Monthly numbers for the stock market did not prove as bad as the intra-month swings. Digging into the monitor data, can we glean the path ahead?
Fixed Income: 2-Yr Treas Yield 3.60% | 10-Yr Treas. Yield 4.17%
The month of April was rife with data to move markets. The month opened with announcements of sweeping trade tariffs that would have undoubtedly caused a massive increase in inflation. Those tariffs were further compounded by a tit for tat retaliation between two nations. The increased risk of inflation signaled less incentive for the Federal Reserve Board (FRB) to cut interest rates. That would have merely been adding lighter fluid on a raging fire.
Per the chart, April’s rates opened (red) with a higher 2-year, but a lower 30-year as compared to month-end (blue). In actuality, the entire belly of this curve (2-yr to 20-yr) were all higher intra-month. This was a result of the risks tariffs were causing to the continuation of expansion. By the month’s end short-term risks had dissipated enough for 2-year treasury rates to be lower and 10-year rates roughly equal. As a reminder interest rates and bond prices move in opposite directions.

*ustreasuryyieldcurve.com
Equities: Dow Jones 3.17% | S&P 500 0.76% | NASDAQ 0.85%
The months’ swings were not contained in the fixed income markets. In fact, those paled in comparison to the swings seen in the equity markets. Between April 2nd and April 8th markets shed over 10% in market cap. The interesting part is that from that point going forward, April saw a solid regrowth of assets. So much so that the S&P 500 ended up being down under 1%, while the NASDAQ carried a positive handle! Additionally, the Price to Earnings ratio (P/E) for the S&P 500 has reduced to a more normalized level.
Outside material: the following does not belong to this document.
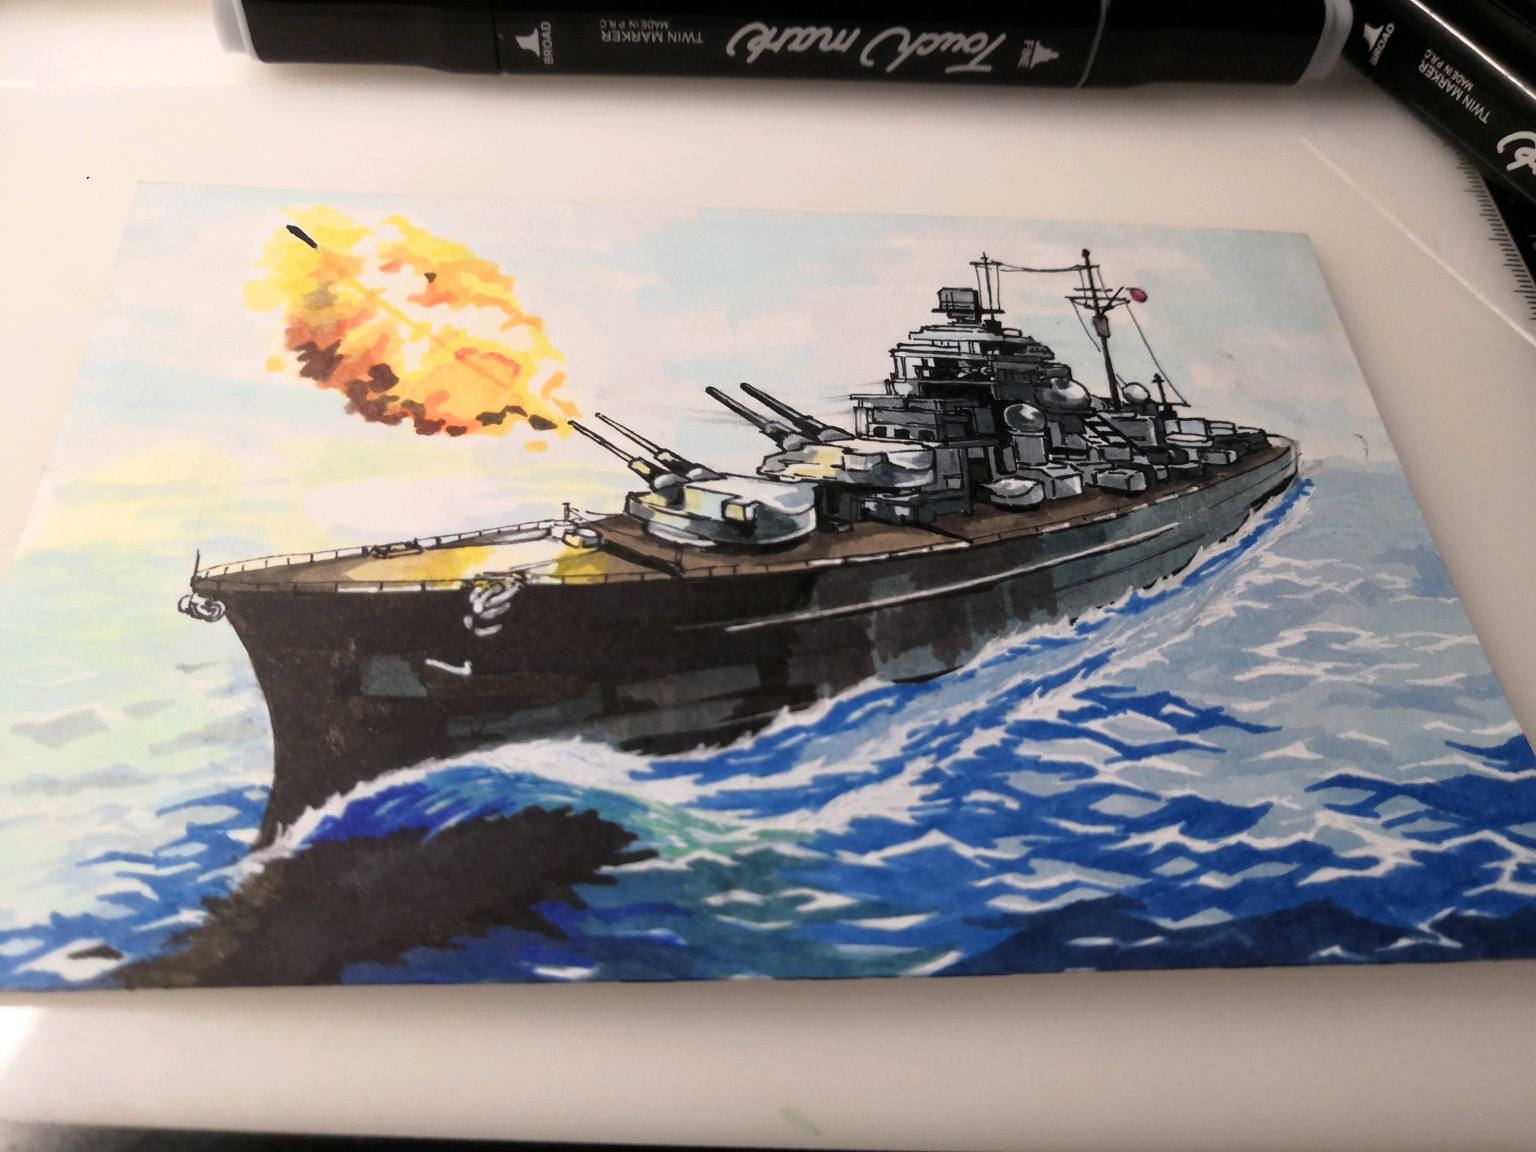 【马克笔练习】如何在明信片上画一艘军舰?

*investing.com/indices/us-spx-500-chart
Conclusion
While the tariff news was toxic to markets, the news of a 90-day reprieve to most tariffs was very meaningful. The first quarter Gross Domestic Product (GDP) came in at -0.3%. The first negative GDP reading since Q2 2022. This reading ran negative because of massive imports that occurred during the quarter, not a fall in consumer spending. A recession would be achieved if the second quarter also came in at a negative reading. Placing a 90-day reprieve on tariffs essentially creates a business-as-usual state for the consumer in this quarter. With the consumer representing upward of 68% of GDP, it is important that we keep spending for GDP. There is a chance Q2 could not only be “business-as-usual”, but rather robust as consumers try to beat the tariffs.
A Look Ahead…
With tariffs likely avoided in the first half of the year, the forward view will be focused on Jobs data. Jobs are at risk of deterioration as Corporate America may hold hiring for more clarity on the tariff front. If that happens and inflation does not materialize, the FRB may lower interest rates to help the jobs market. Rate cuts and previously mentioned consumer spending may lead to a strong back half of Q2 and start to Q3.